7:05 AM -- Smartphone design may never be the same again if a technology developed at a British university lives up to its inventors' claims.
That's what I find myself thinking after hearing the pitch from a startup called Smart Antenna Technologies (SAT) at the Discovering Start-Ups 2012 competition in London this week.
That was just one of the exciting prospects from this heartening event, where 20 different companies from across the U.K. pitched their inventions and business ideas. The panel of judges were from various investors and companies, including Broadcom Corp., Google, Qualcomm Inc., France Télécom - Orange, Silicon Valley Bank and Vodafone Group plc, and they chose five winners from the 20 finalists.
Smart Antenna Technologies was one of the winners. It's such an early-stage startup that it hasn't yet been spun out from the University of Birmingham (that move is planned for the first quarter of next year).
Here's the pitch: The company says it has developed a smartphone antenna design whereby one antenna can replace all the different antennas that devices require today, and it has 14 patents and two more on the way for its technology. SAT says its design supports frequency bands from 450MHz to 6GHz; supports multiple technologies, including 2G, 3G, 4G, Wi-Fi, Bluetooth, GPS; extends the phone's battery life; is low cost; and takes up about 75 percent less space than current smartphone antenna designs.
It sounds too good to be true, doesn't it? But if it works, I think this could be a significant development for smartphone makers because it would save them money as well as space on the devices while also improving functionality and efficiency.
SAT was just one of many new companies with compelling technology stories at the contest. Here's a snapshot of the other four winners:
- Anvil Semiconductors has patented technology to develop silicon carbide power semiconductor devices for the same price as silicon technology.

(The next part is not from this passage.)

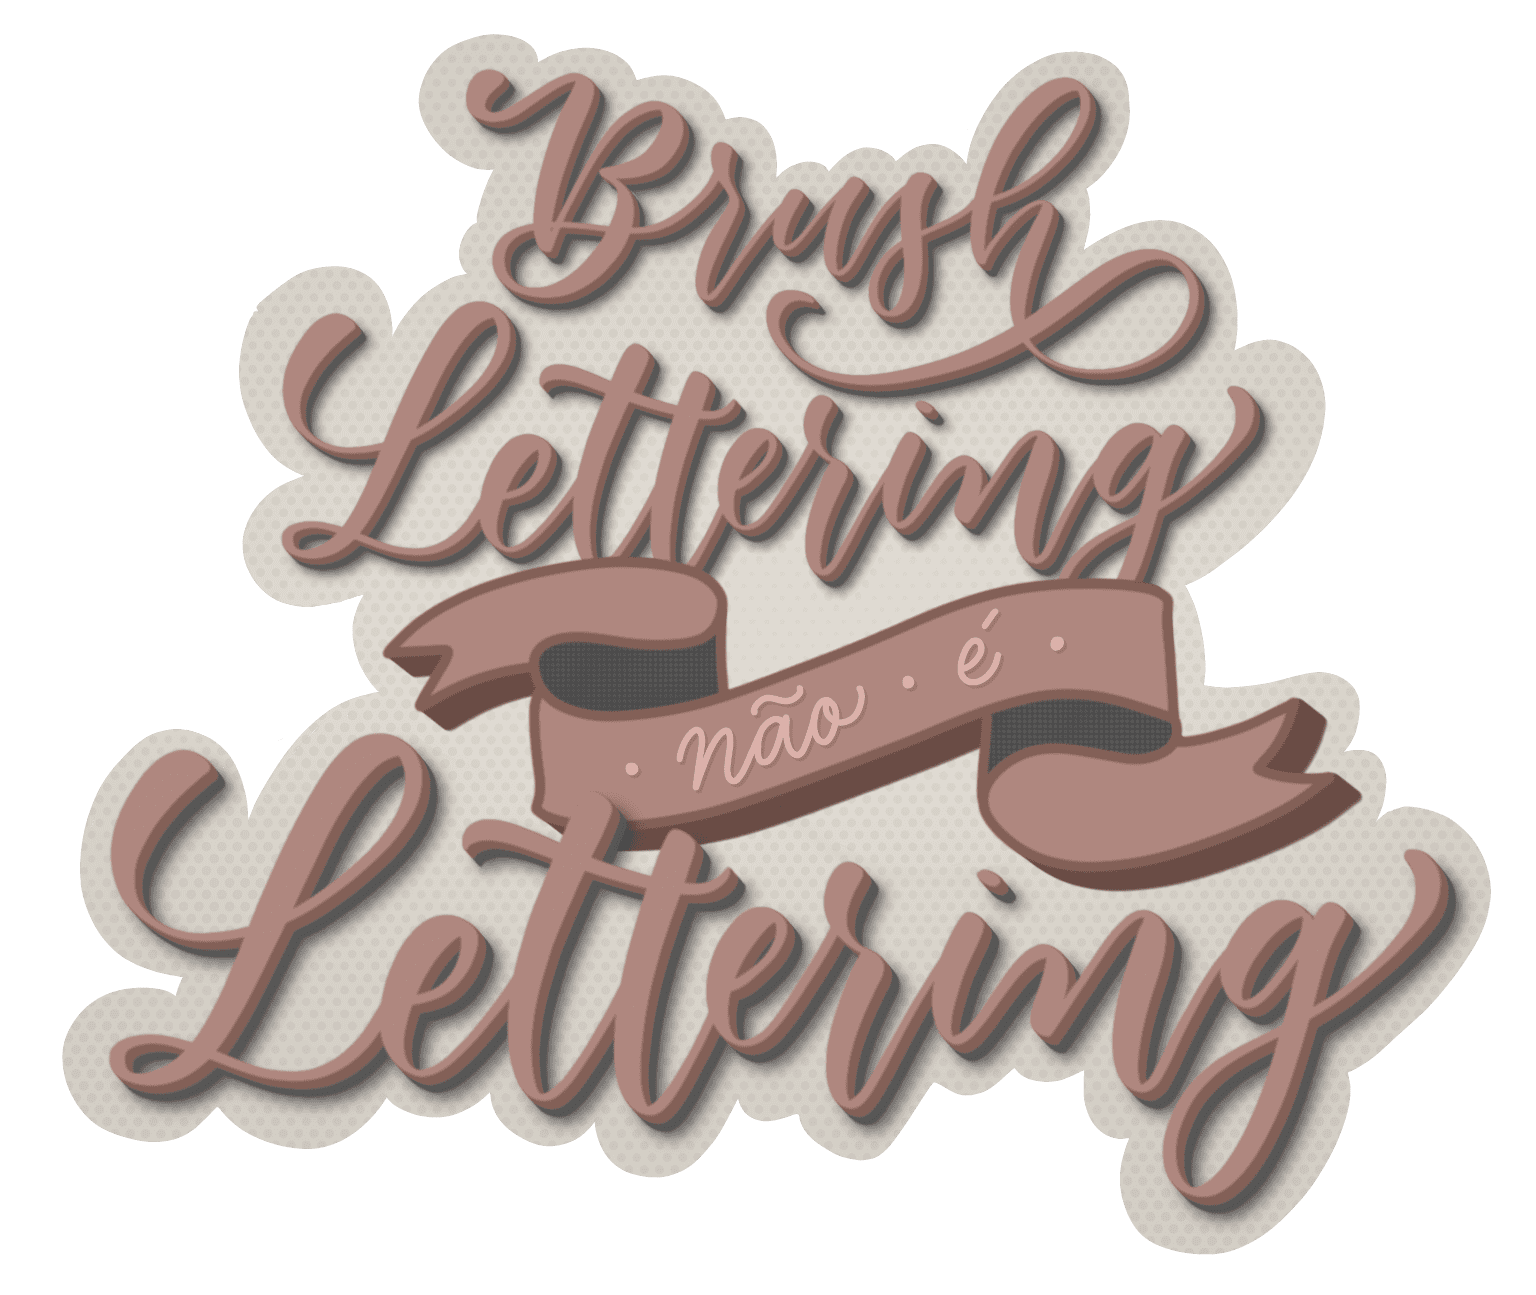 Arte digital com a frase Brush lettering não é lettering escrita em caligrafia moderna

- D-RisQ provides automation software that reduces development costs of complex systems, such as industrial machinery or military aircraft.
- Skin Analytics has a smartphone app that tracks changes in moles to help detect melanoma skin cancer.
- TopicLogic has a Web service for businesses that helps them manage and share digital files.
It was fascinating to see so much creativity and innovation in one place. And even though many of these startups still face the task of convincing investors to back them, it's exciting to think that any of them could kick off the next big thing in wireless and telecom.